The prediction results then will be sent back to the frontend. The webpage is then highlighted by adjusting the HTML of the webpage with the relevant sentences.
For a mac or linux user, simply run [sh setup.sh] to install dependencies and run the server
Otherwise, install the prerequisites manually:
Use Python 3.7 and pip
pip install sanic
pip install transformers
pip install rank_bm25
pip install pipeline
A windows user can probably run it using the same commands in a command prompt, provided they have python and pip installed, however it is not recommended/tested.
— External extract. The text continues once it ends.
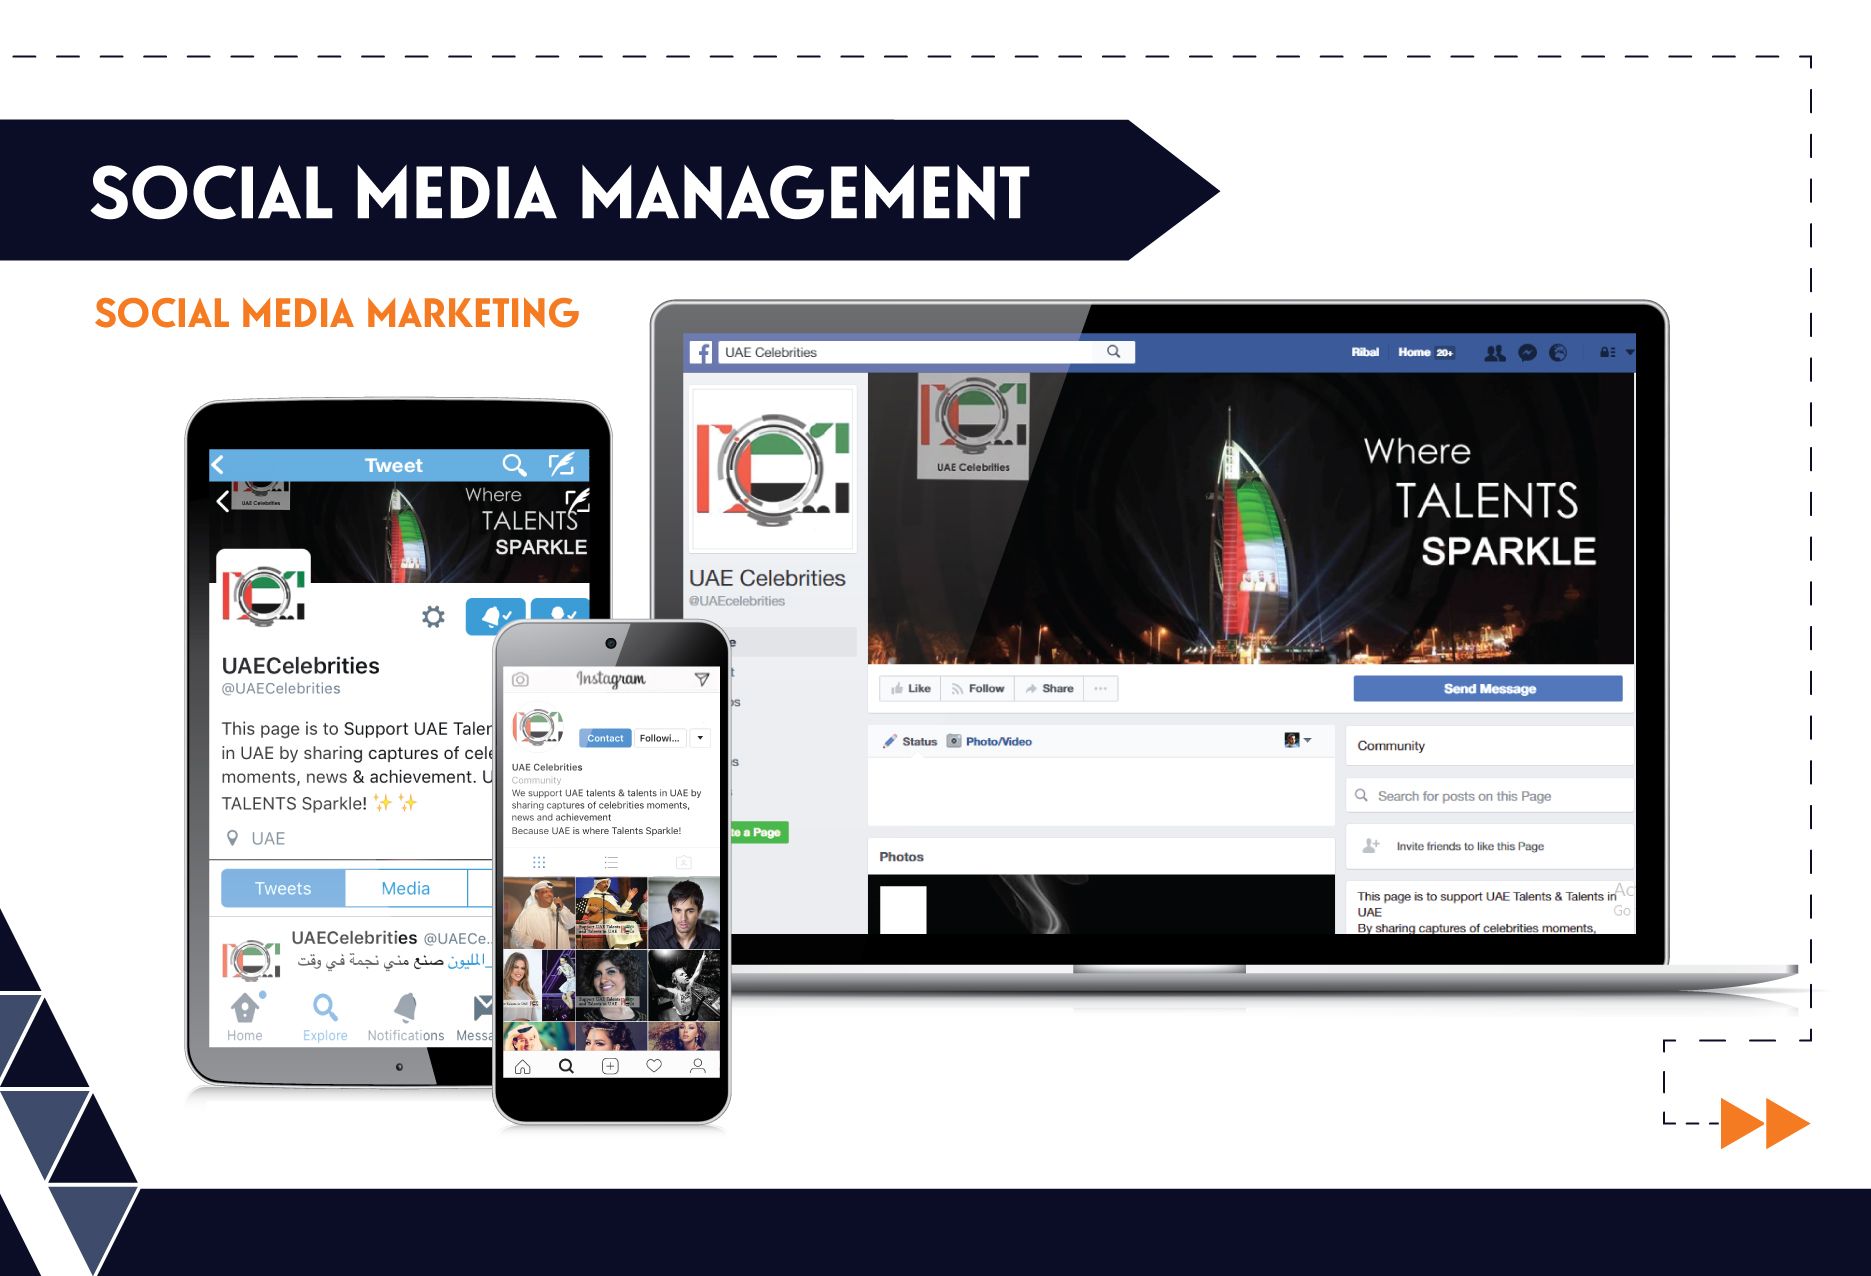 Social Media Management - UAE Celeb.
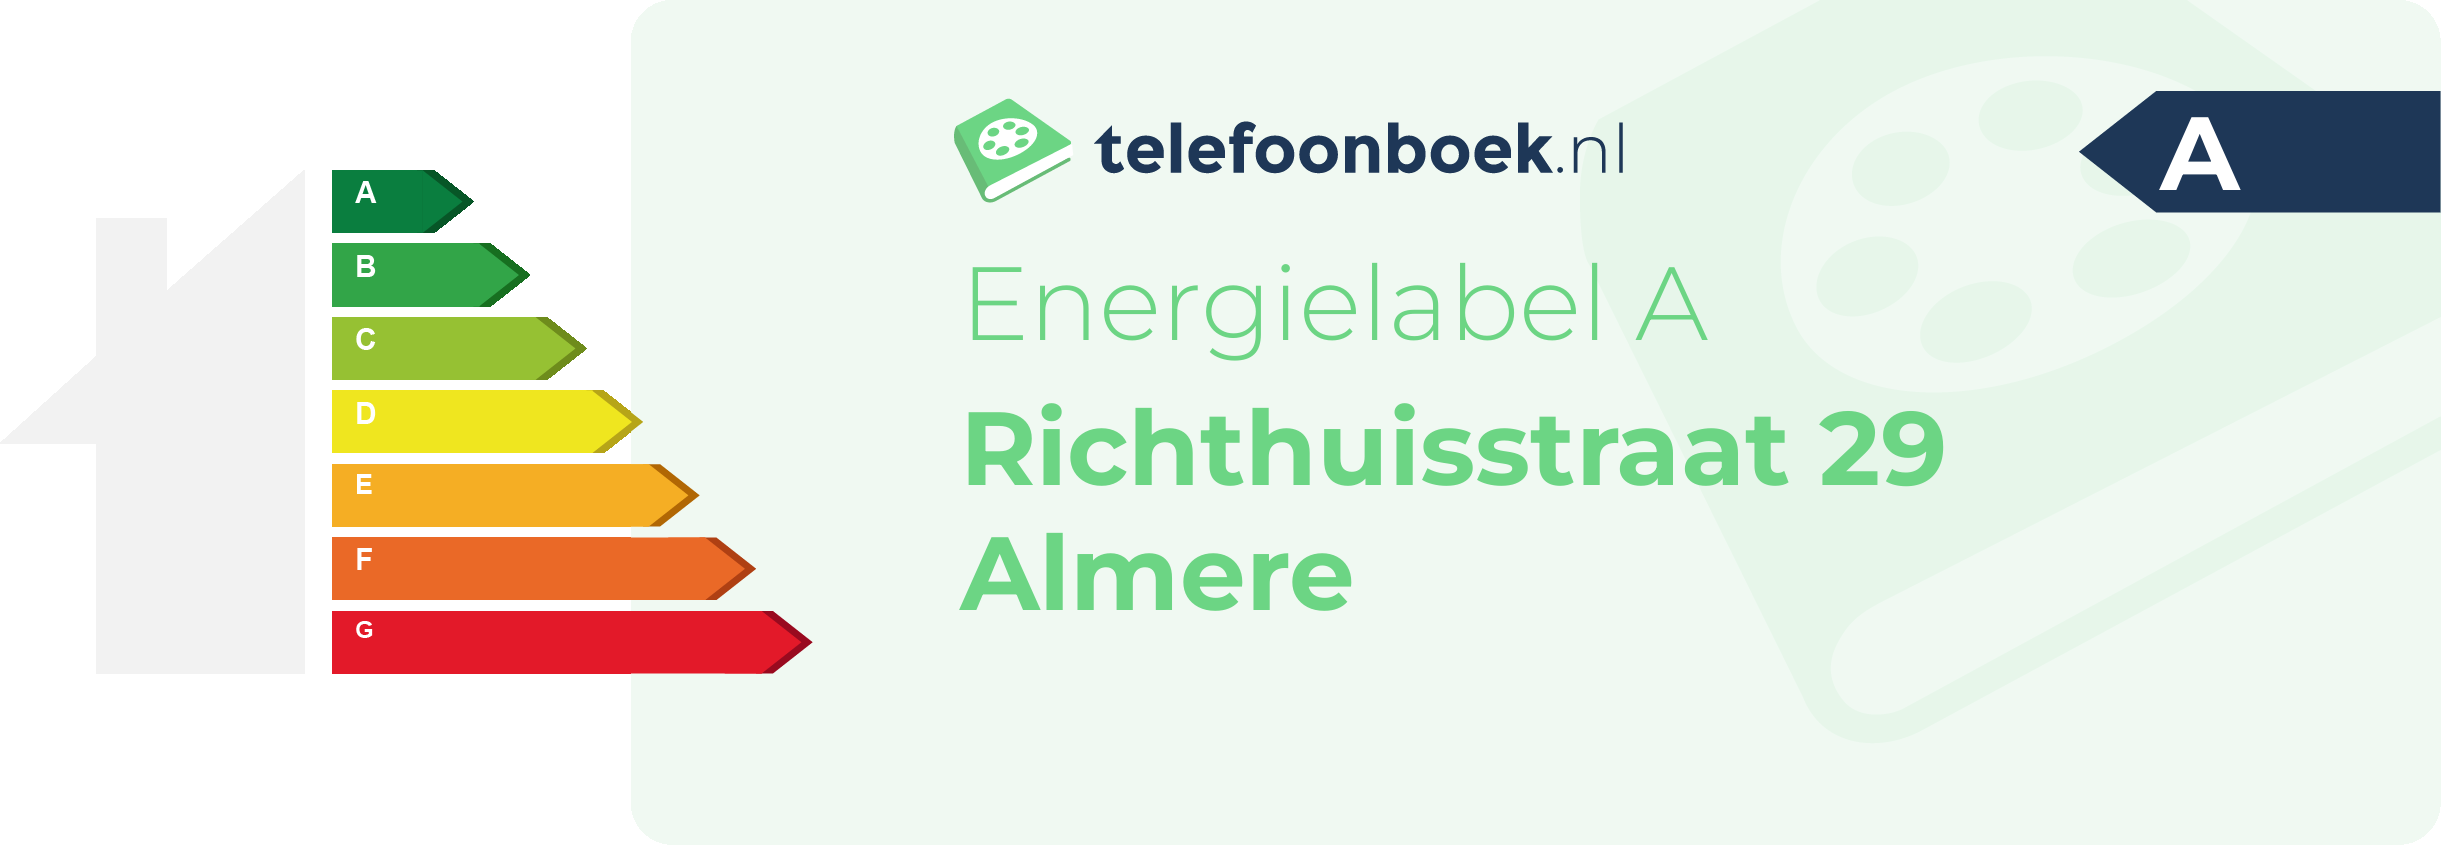 Energielabel Richthuisstraat 29 Almere

We suggest using WSL or a VM.
Open Chrome Go to page chrome://extensions/ Activate 'Developer Mode' in the top right Click 'Load Unpacked' in the top left Redirect to folder CourseProject/extension and hit 'Select Folder'
make sure prerequisites are fullfilled and run python backend/app.py
Google search a subject and click on a link, which will automatically highlight text. Otherwise, manually query by clicking the extension in the top right, enter your query, and click run or "BERT" button.
Features:
- Auto fetch the query entered during google search page
- Auto perform similarity search when navigate out from google
- Perform similarity search based on user specific query
- Perform simple BERT based on user specific query
- Highlighting
Tips:
- Try to type your query in manually and click the "BERT" button if you have specific questions like "What's the birth date of Bill Gates?" and the default setting doesn't give you the desired results.
- When you use our extension with the default setting, a set of keywords will be preferred. However, when you use the "BERT" function to search for the answers, enter a complete sentence to get more accurate answers.
Shortcut: Ctrl (⌘ for Mac) + Shift + Z
Video tutorial here: https://www.youtube.com/watch?v=Xmho9pgFnyc
We have implemented everything covered in proposal. However as this idea is pretty interesting and practical we have some idea of future works
- Supporting highlight more ambigious HTML element
- Prettify the popup window
- Add support to more methods besides BM25
- Future implementation of BERT to answer qustion with specific answer that includes in the web page (such as "Who is CEO of Tesla" in Tesla web page)
- Currently, the BM25 will give a high score to the reference list on the page. We have noticed this problem and plan to resolve it in the future by either letting the users choose the number of prediction results shown on the page or adding more rules in the algorithm to filter out these references.
- We plan to move the backend to the Cloud to support the possible new features, which could require more computation resources.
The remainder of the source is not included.